I am very bad with it but I venture to suggest it means something like: Thank you for being with us (lit. for the company) and (come back to)watch a new programme issue again.


----------



## janina

That's what I thought. Thanks very much


----------



## DrWatson

*Kiitos seurasta ja nähdään ensi kerralla taas uusin liikkein. Hei hei.

*Because it's said in the end of a TV show, it could be translated as:
"Thank you for watching and we'll see you again next time with new moves/exercises. Bye bye."
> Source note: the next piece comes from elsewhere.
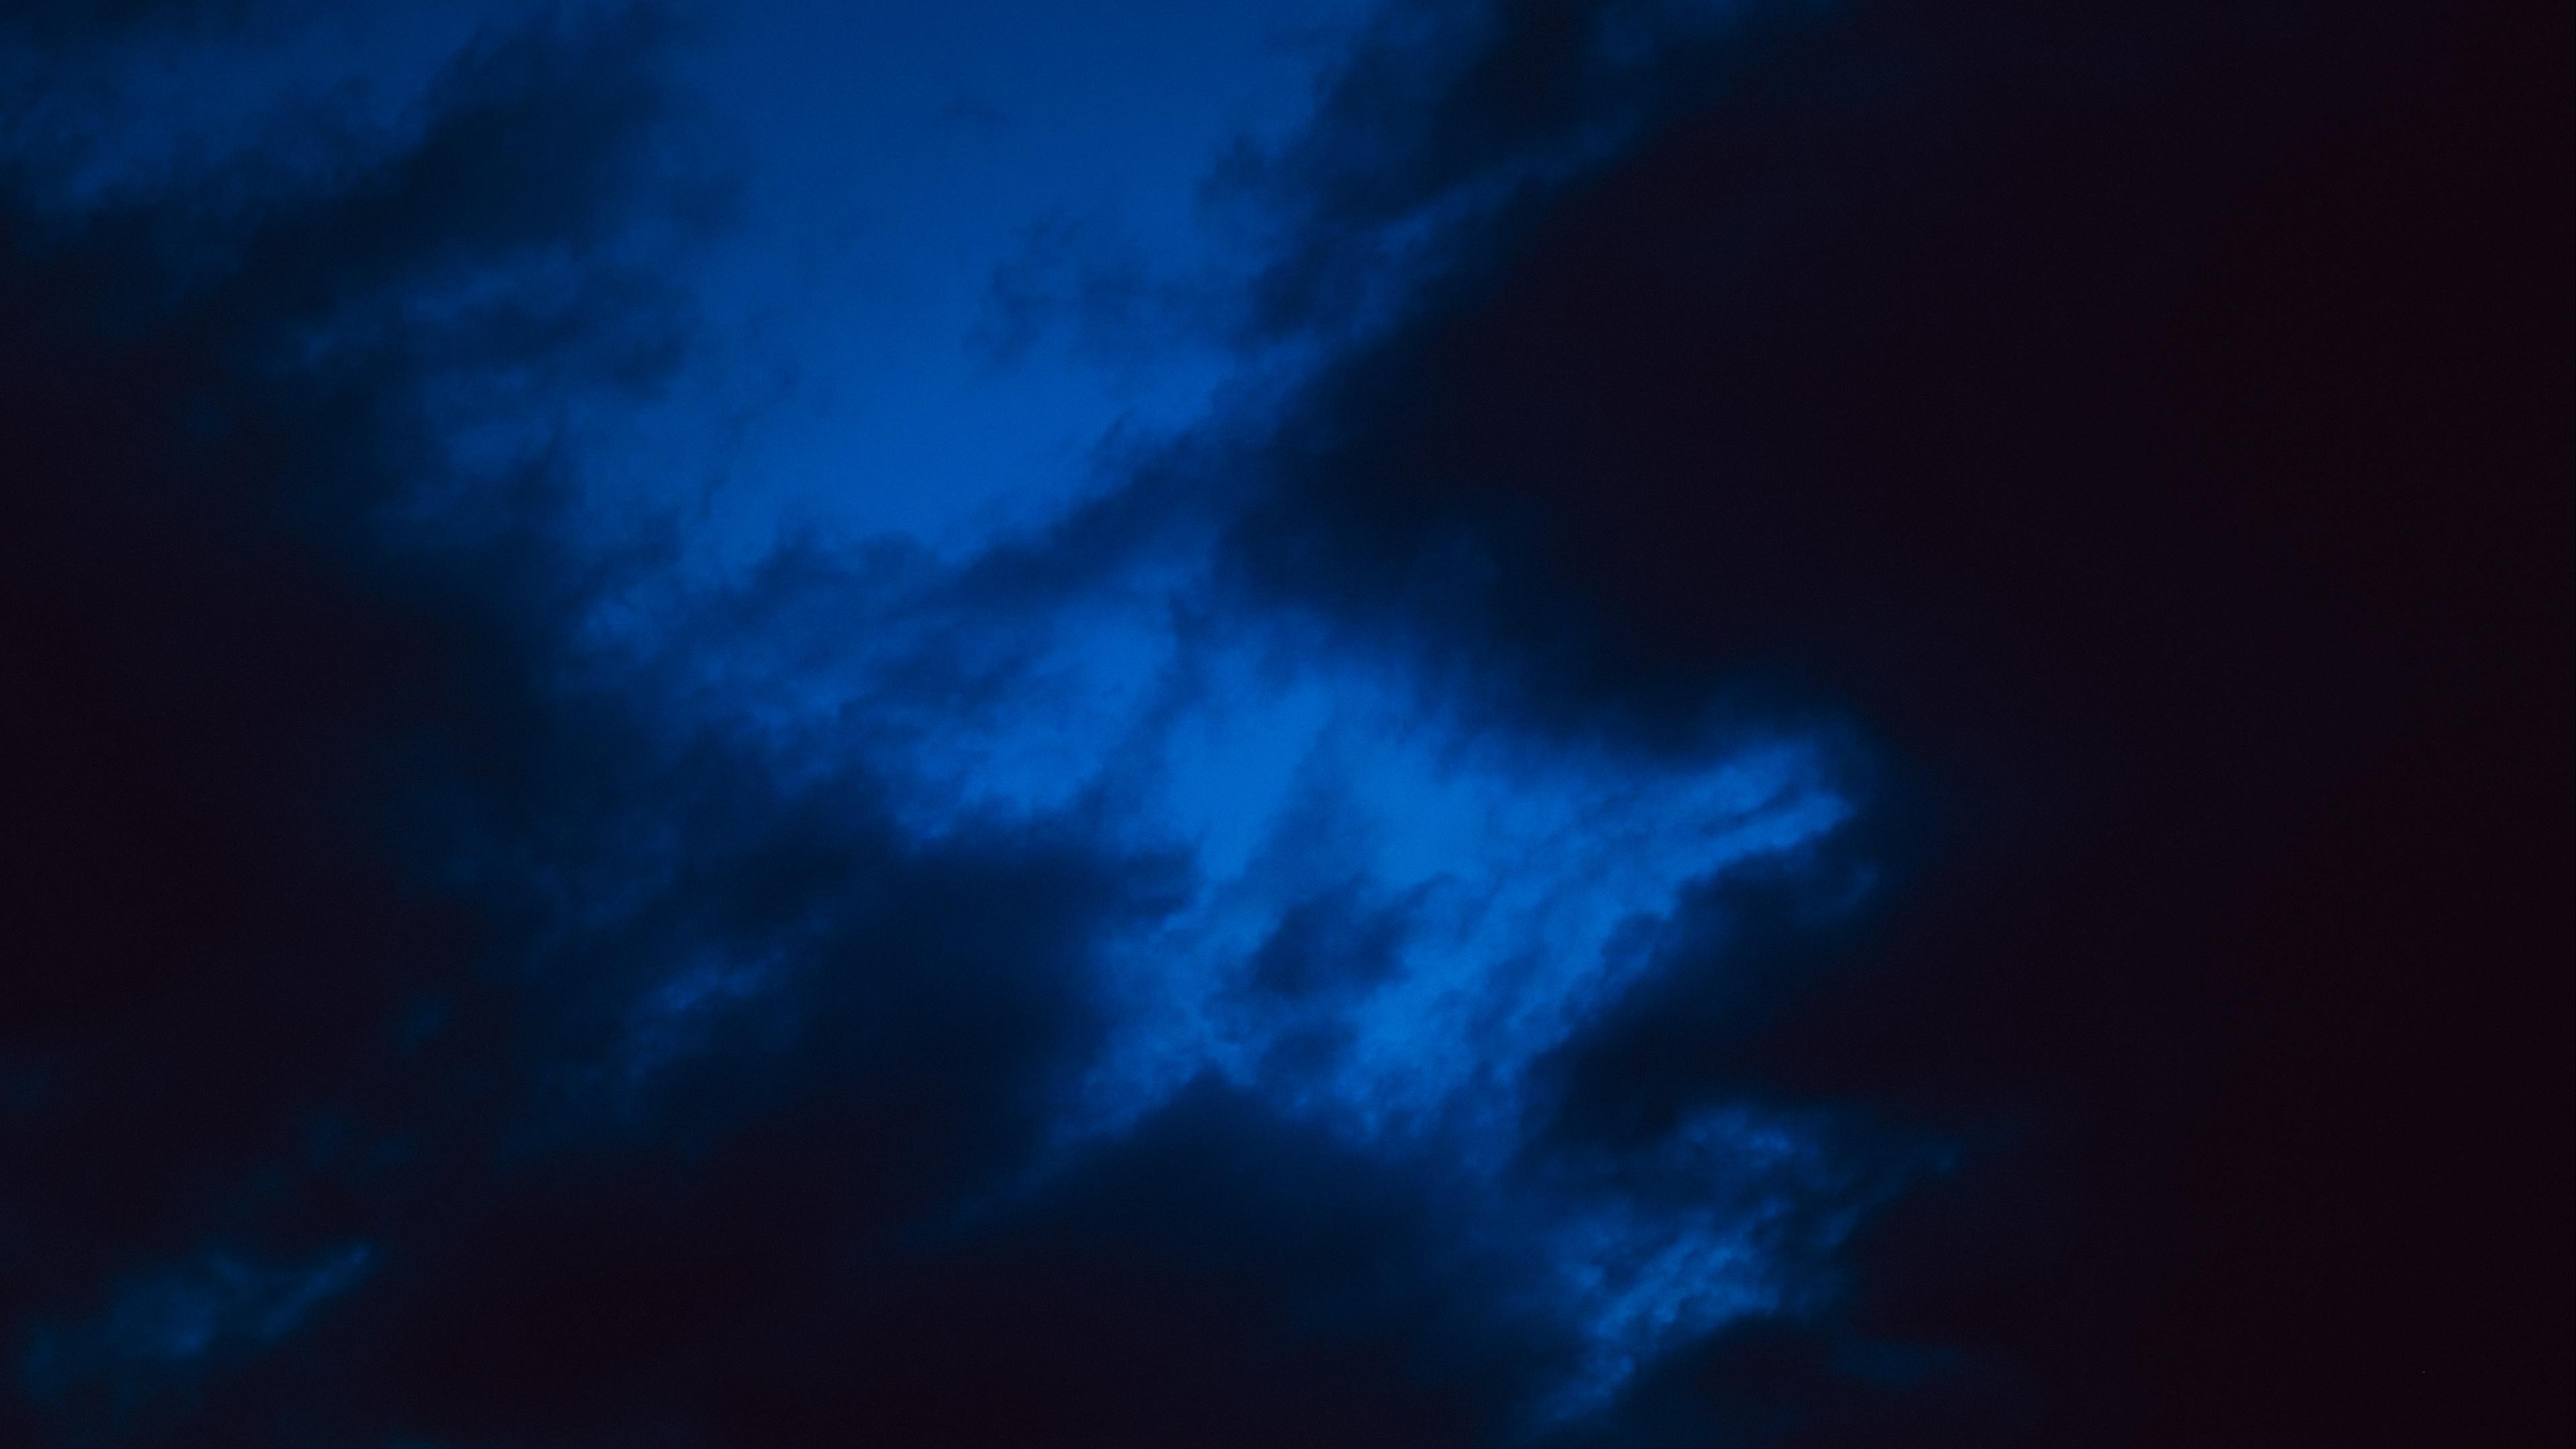 clouds sky night 4k 1540574638 - clouds, sky, night 4k - Sky, Night, Clouds
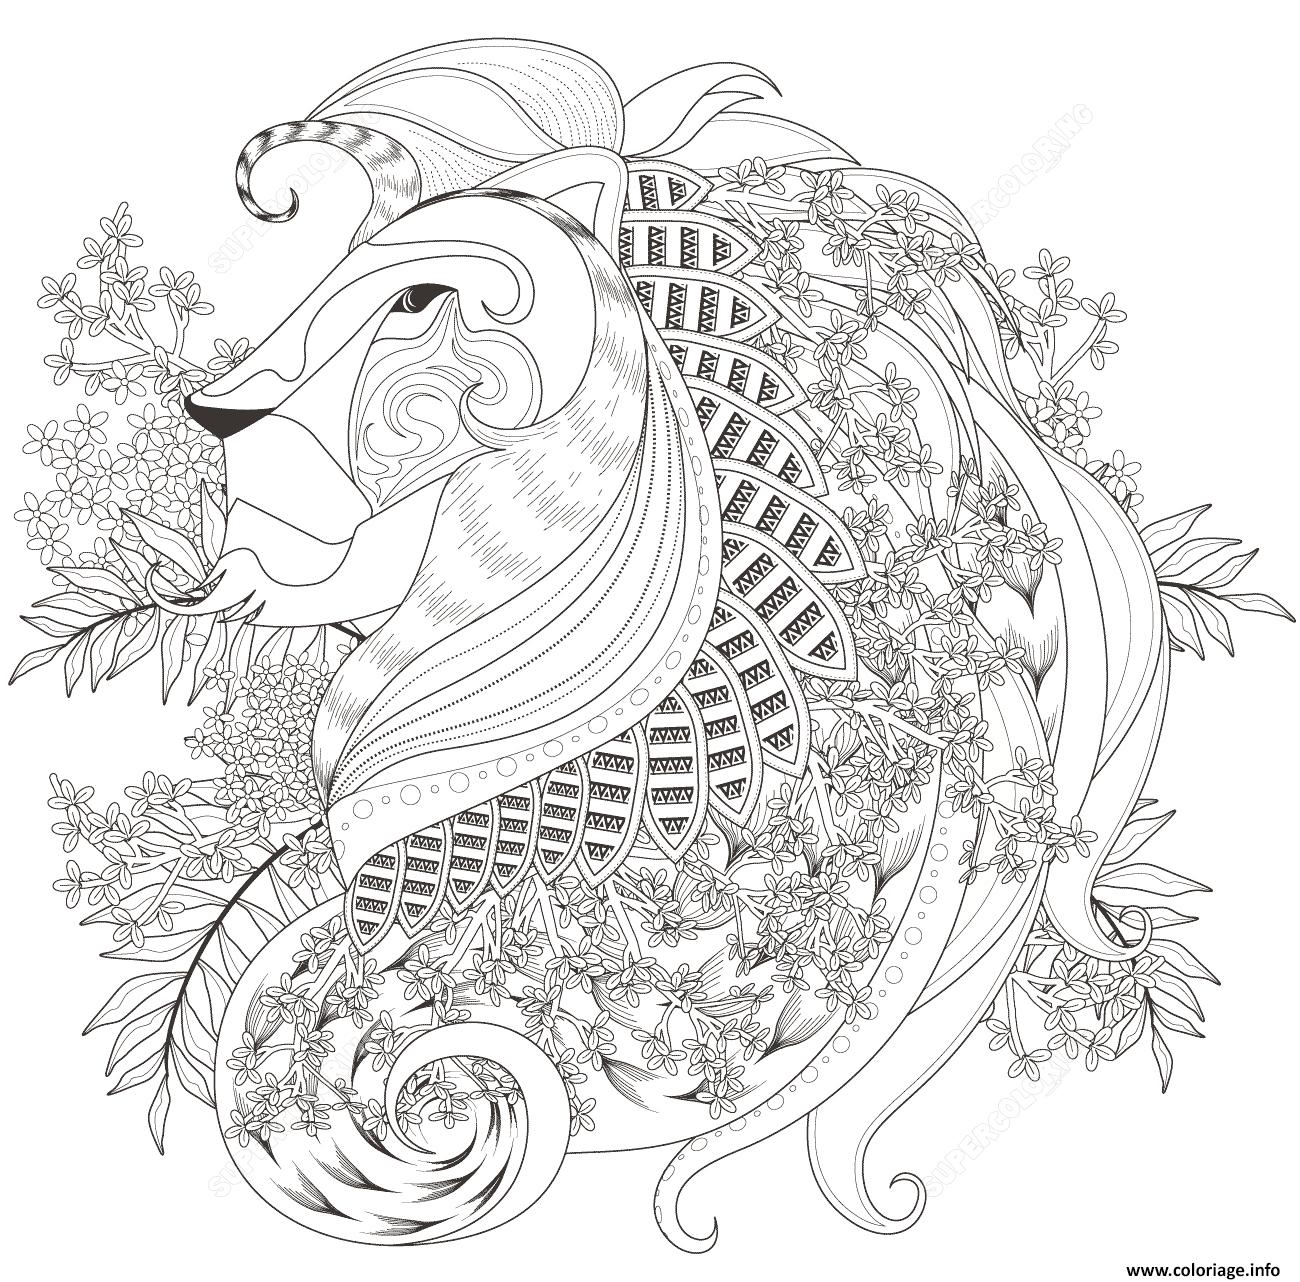 Dessin zentagle lion with floral elements adulte Coloriage Gratuit à Imprimer

I'm guessing it's some kind of a gymnastic exercise or sport programme, thus the final utterance *uusin liikkein* (lit. with new moves). Setwale_Charm's translation was very good, and she correctly pointed out that *kiitos seurasta* is literally "thank you for the company".


----------



## janina

Thanks very much again. You've been both very helpful


----------



## Setwale_Charm

DrWatson said:


> *Kiitos seurasta ja nähdään ensi kerralla taas uusin liikkein. Hei hei.*
> 
> Because it's said in the end of a TV show, it could be translated as:
> "Thank you for watching and we'll see you again next time with new moves/exercises. Bye bye."
> 
> I'm guessing it's some kind of a gymnastic exercise or sport programme, thus the final utterance *uusin liikkein* (lit. with new moves). Setwale_Charm's translation was very good, and she correctly pointed out that *kiitos seurasta* is literally "thank you for the company".


 

 I can hardly believe my eyes!!! There hasn`t been anything good about my Finnish since Adam!!!


----------